Exercise aim –
All of the entries should be restated word for word, but without their pictures.
= Beginning of Section =
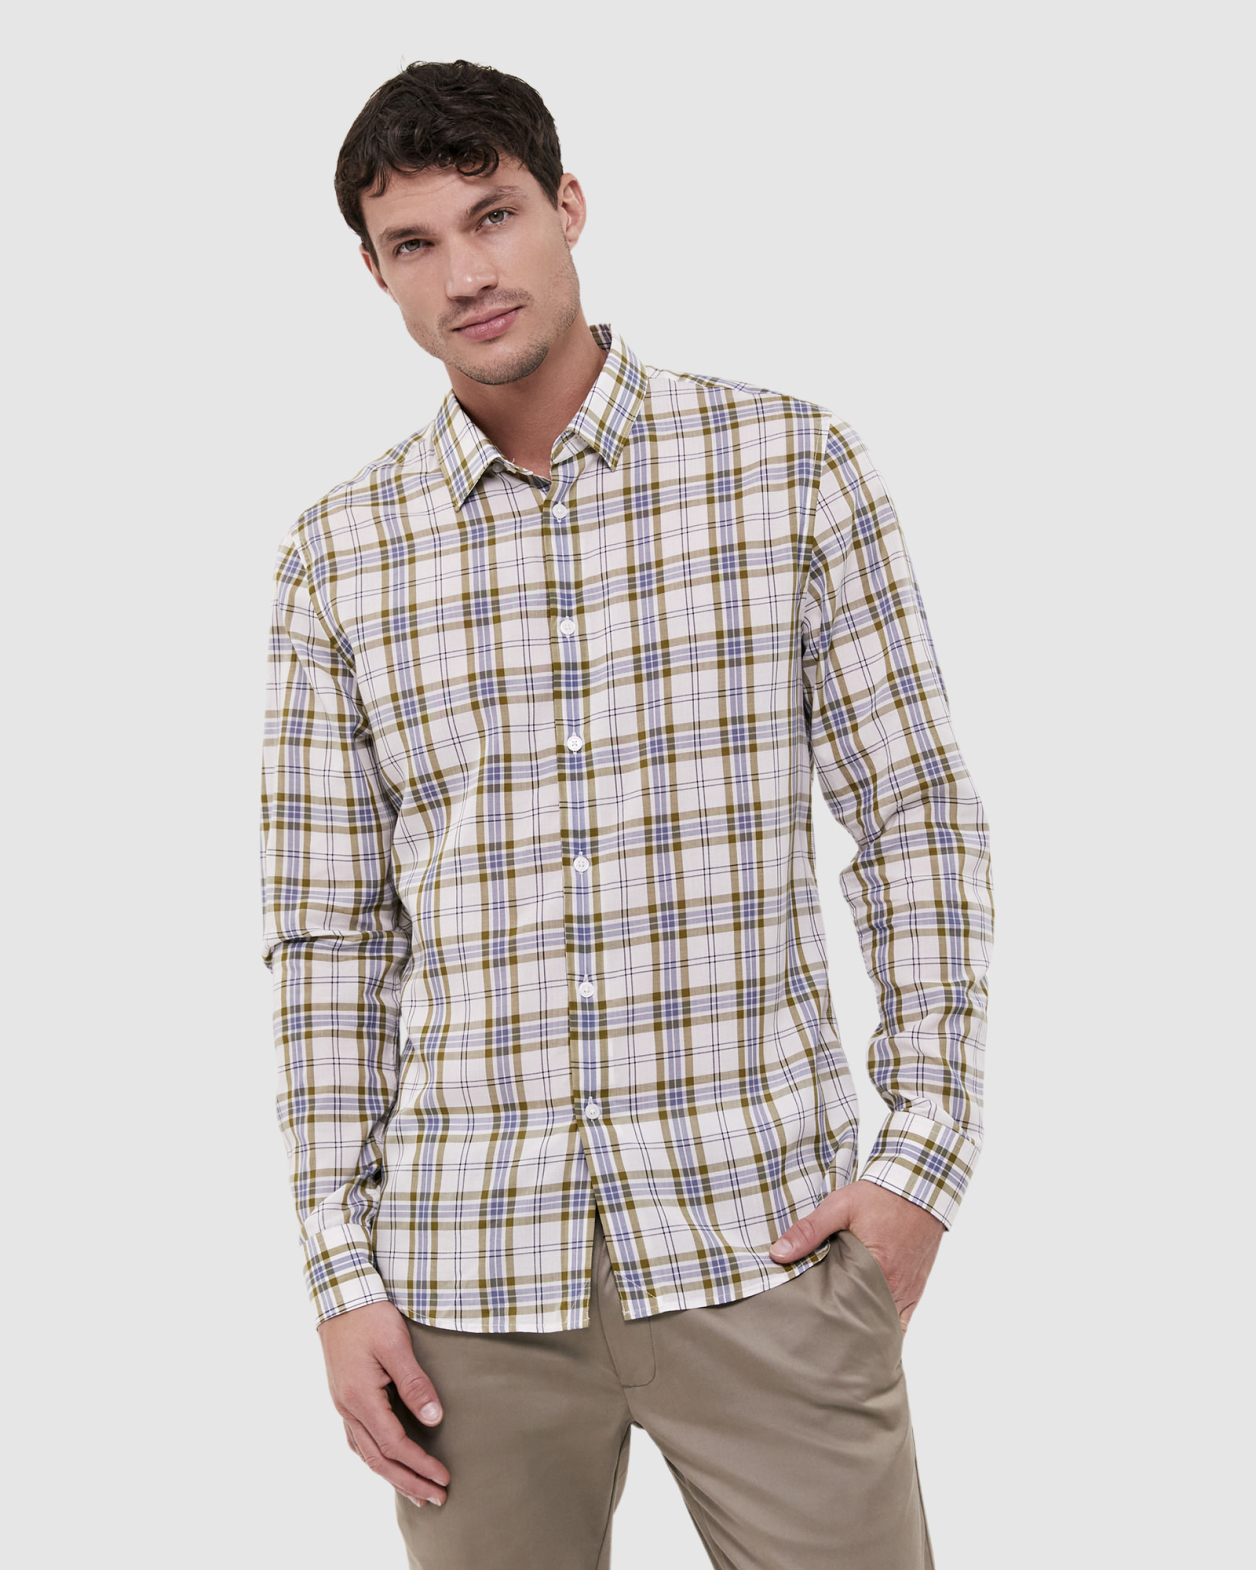 Kerrs Long Sleeve Classic Check Shirt in MOSS
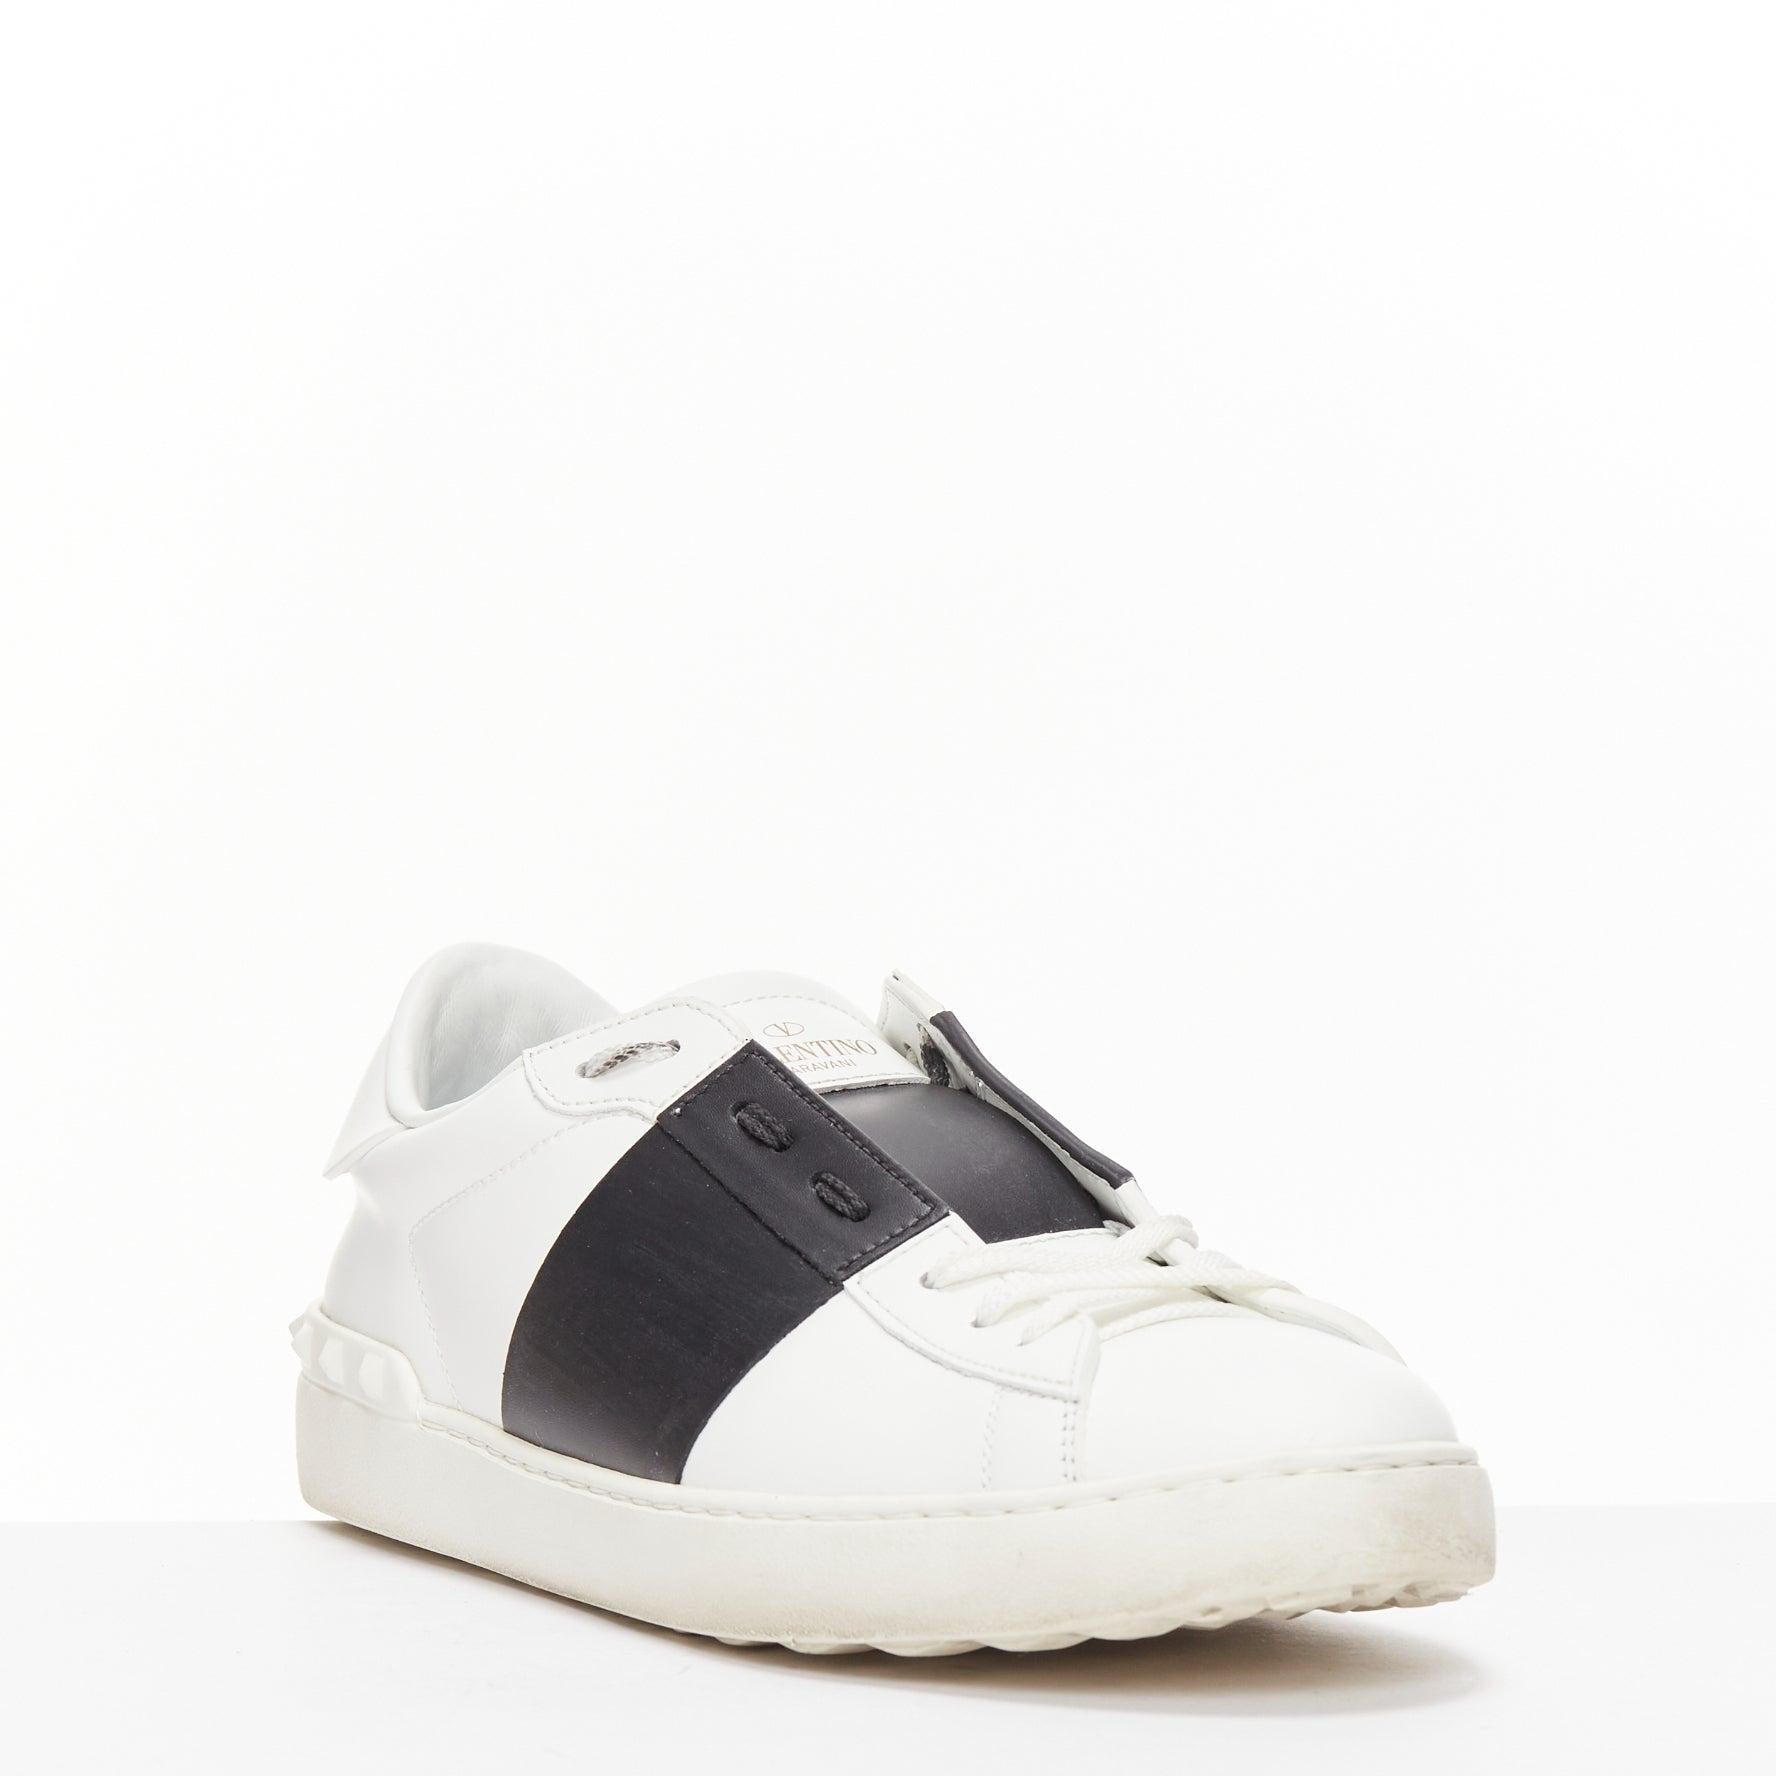 VALENTINO Rockstud black white leather lace up studded slip on sneakers EU42
Reference: NILI/A00067
Brand: Valentino
Model: Rockstud
Material: Leather
Color: White, Black
Pattern: Studded
Closure: Slip On
Lining: White Leather
Extra Details: White
= End of Section =
Your solution –
 Kerrs Long Sleeve Classic Check Shirt in MOSS
 VALENTINO Rockstud black white leather lace up studded slip on sneakers EU42
Reference: NILI/A00067
Brand: Valentino
Model: Rockstud
Material: Leather
Color: White, Black
Pattern: Studded
Closure: Slip On
Lining: White Leather
Extra Details: White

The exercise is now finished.